## MATERIAL PROVIDED
Start of Block

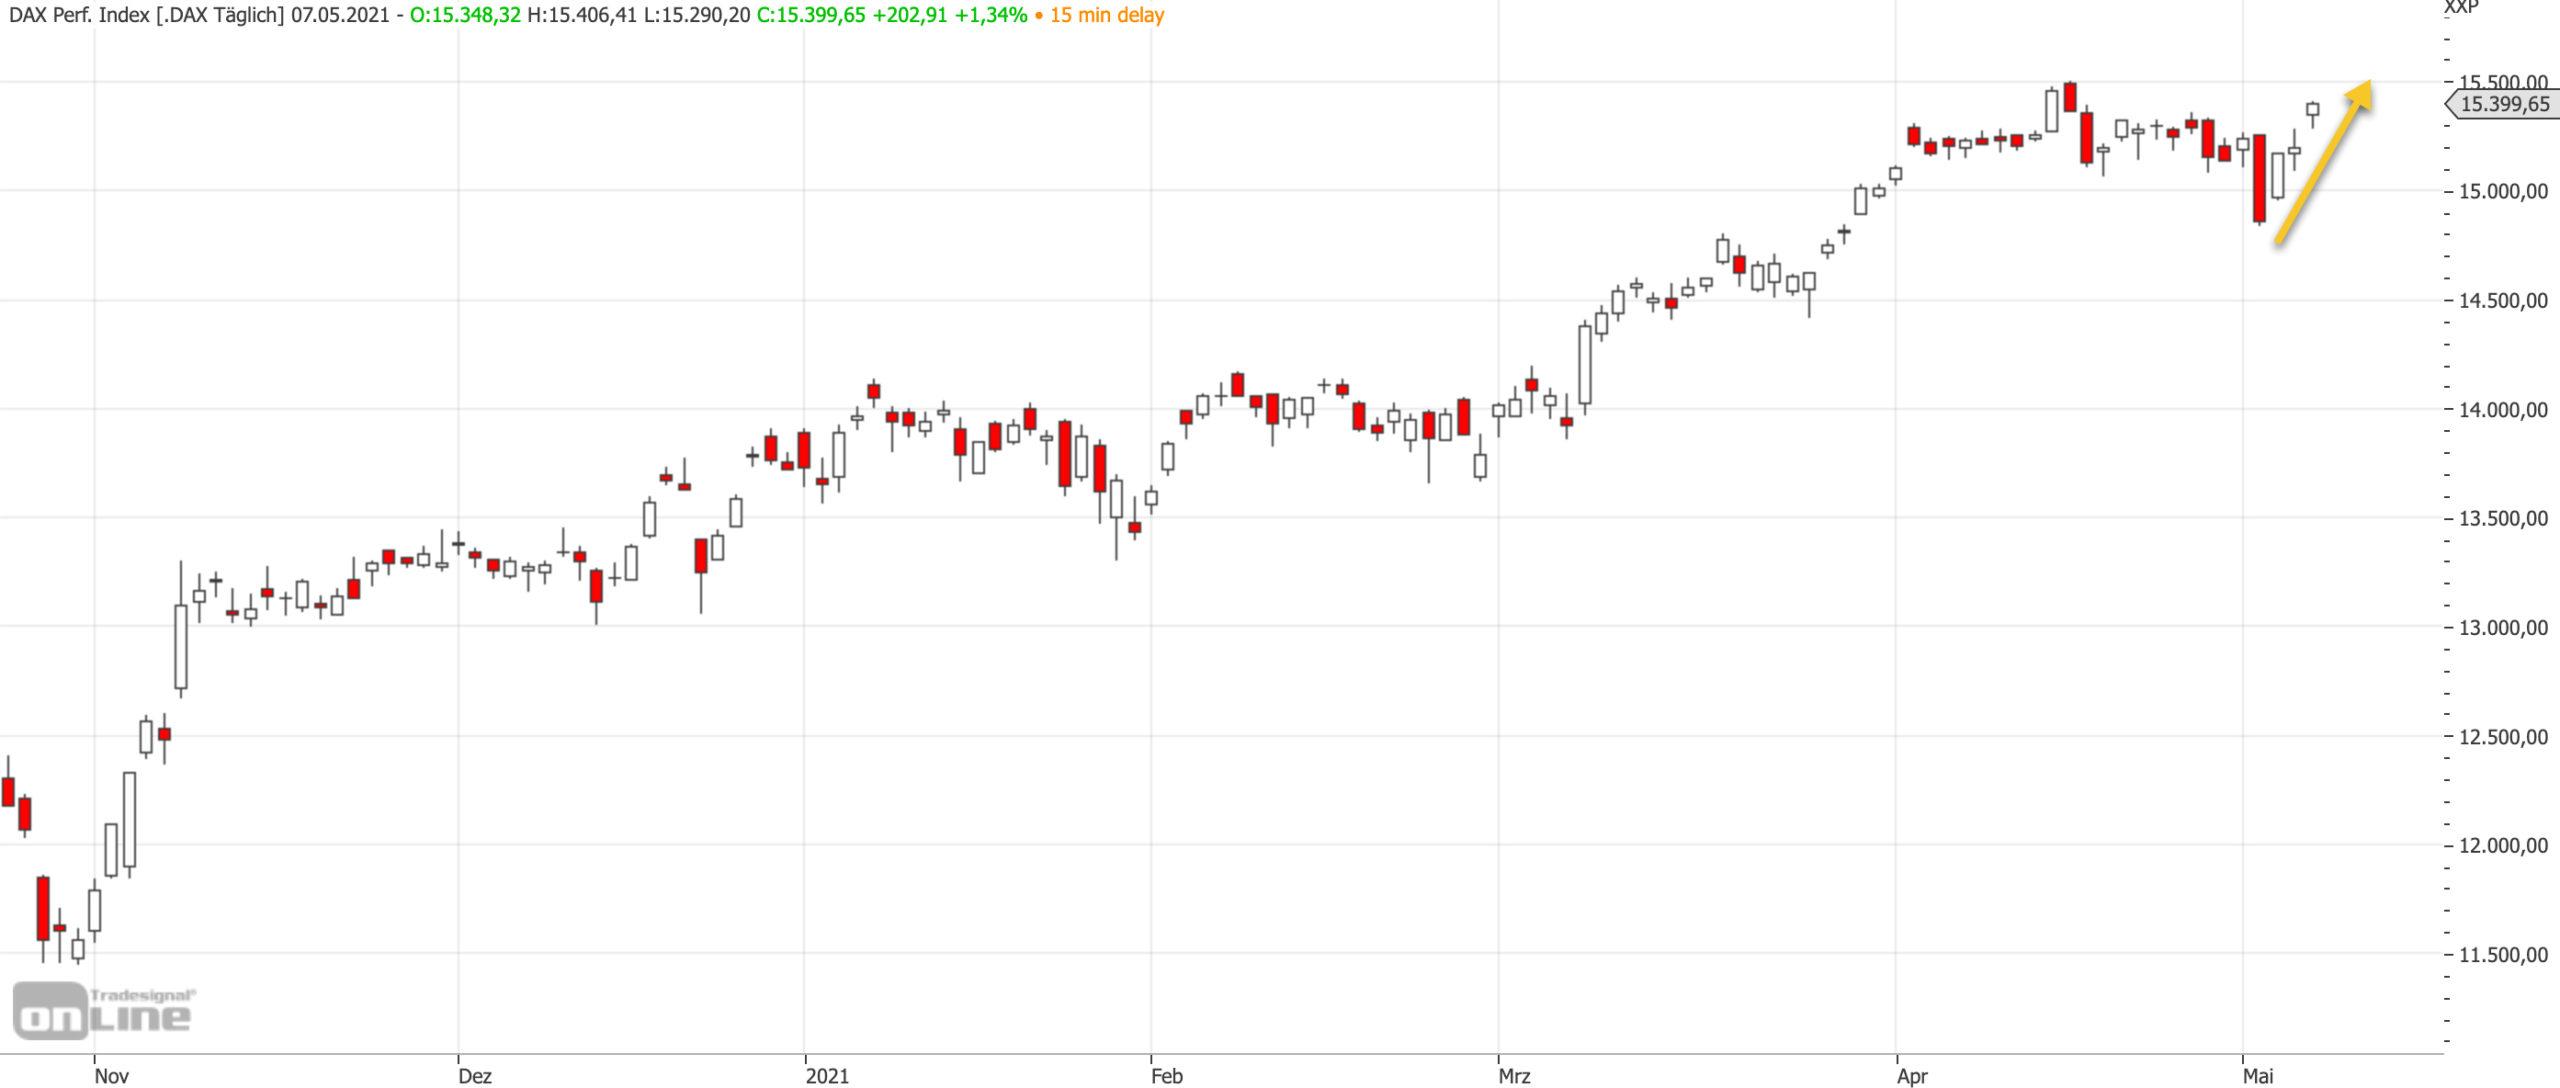 Mittelfristiger DAX-Chart am 07.05.2021
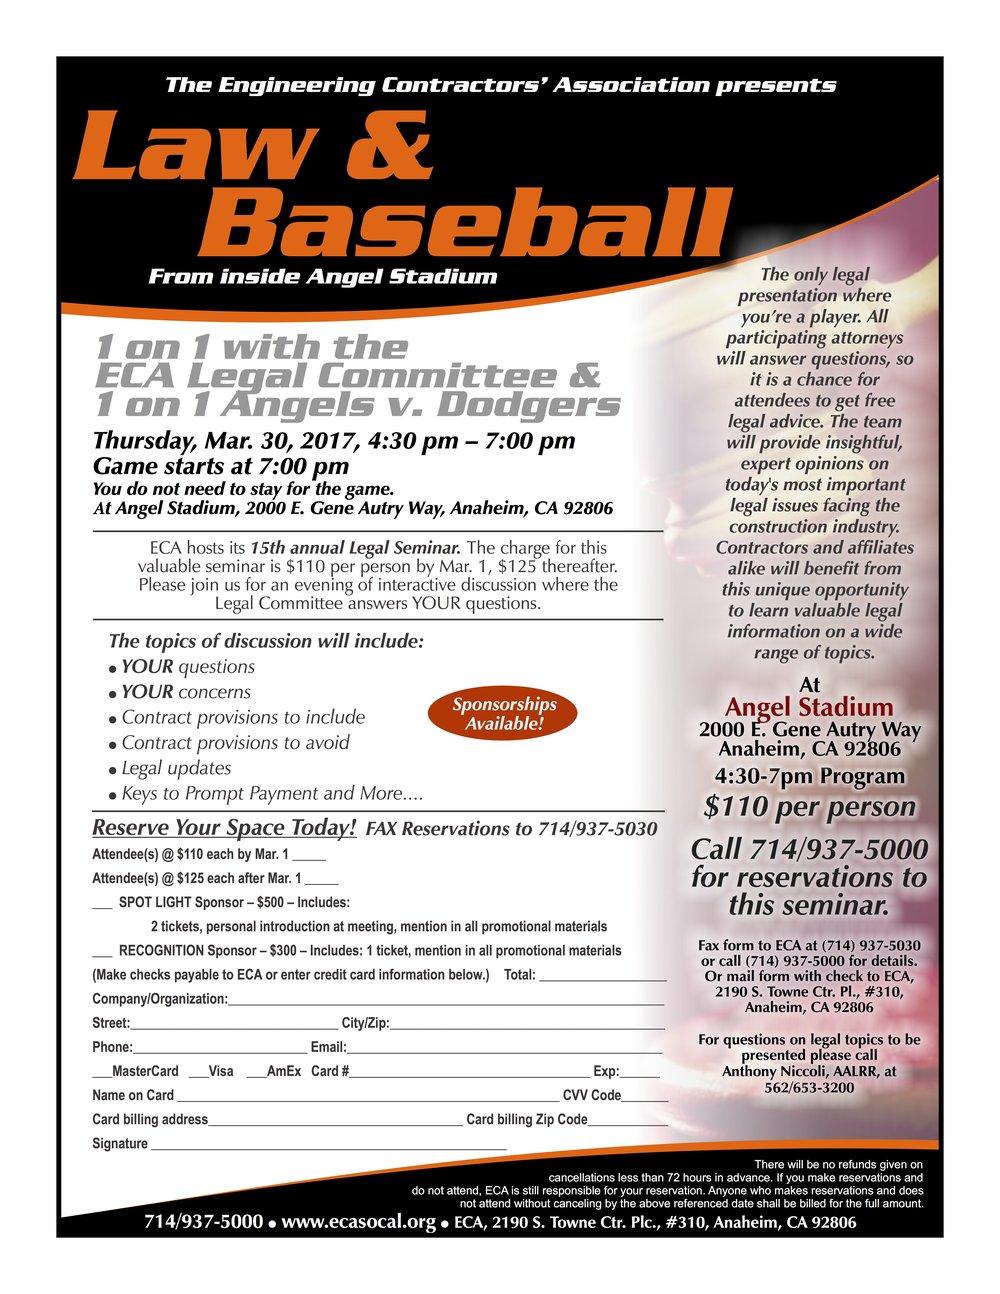 Law & Baseball
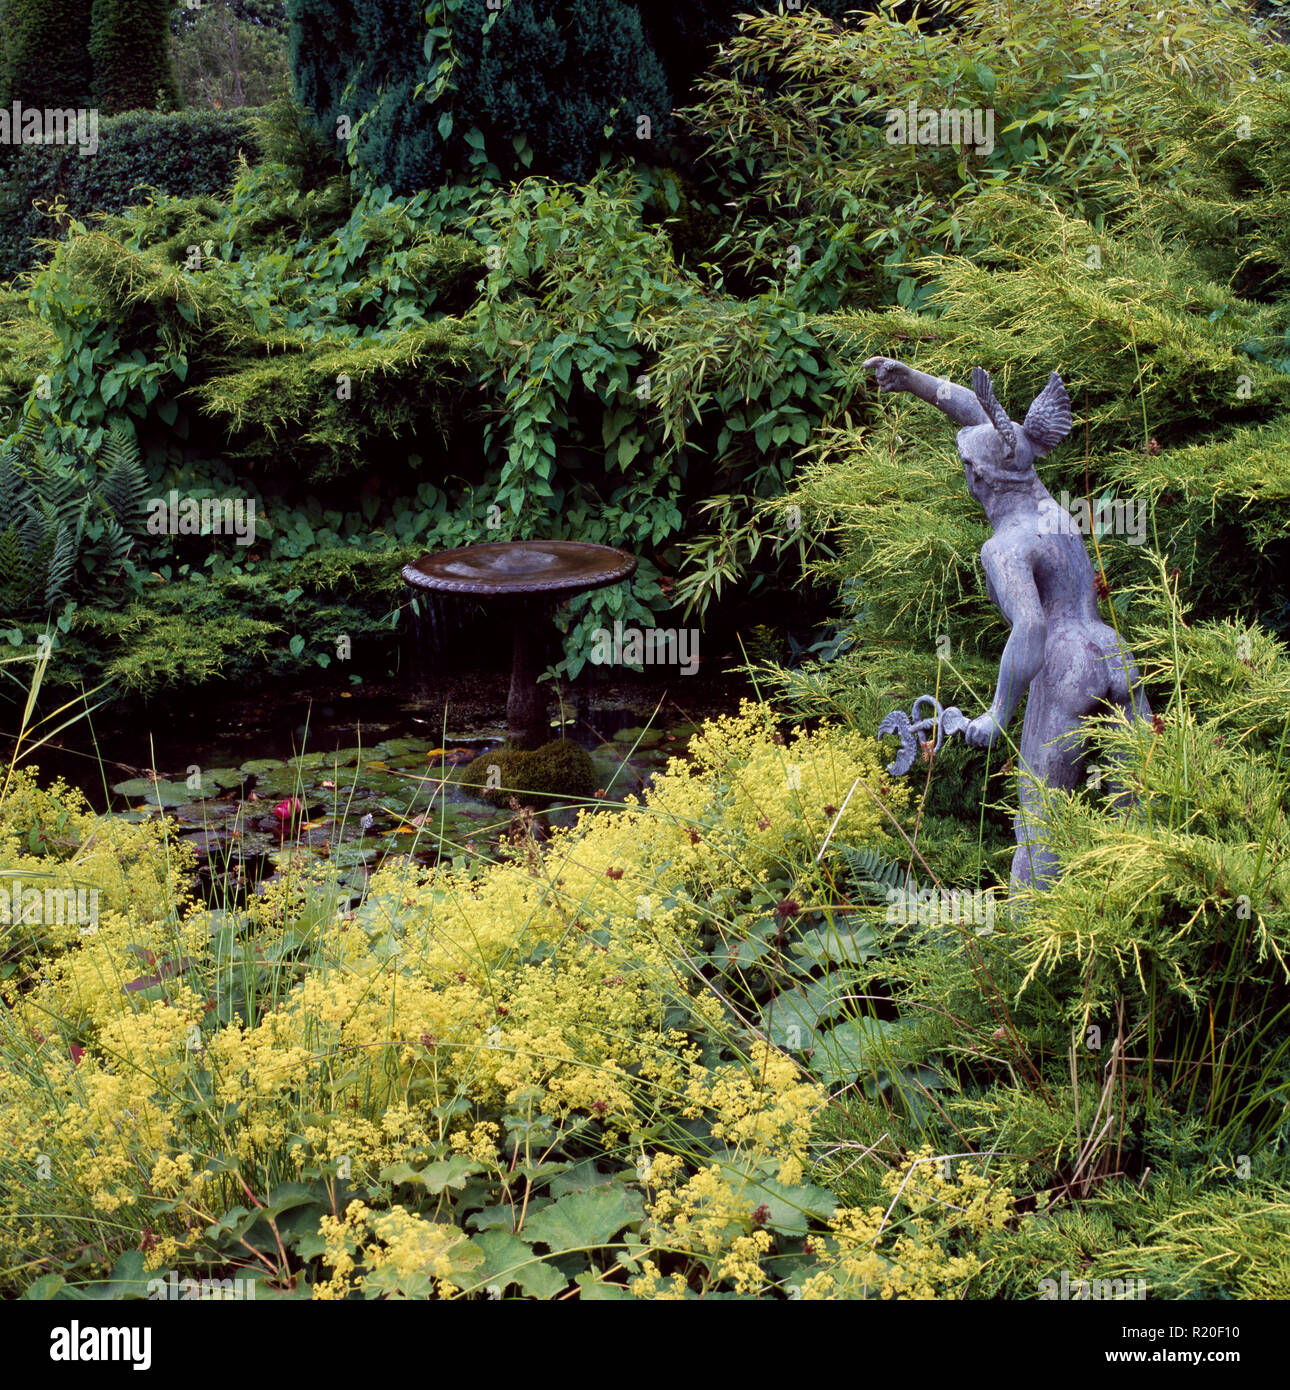 Statue among alchemilla mollis beside water feature - Stock Image

End of Block

## YOUR ASSIGNMENT
Leave out the images and repeat the rest of the data word for word.

## RESULT FOR THIS EXERCISE
 Mittelfristiger DAX-Chart am 07.05.2021
 Law & Baseball
 Statue among alchemilla mollis beside water feature - Stock Image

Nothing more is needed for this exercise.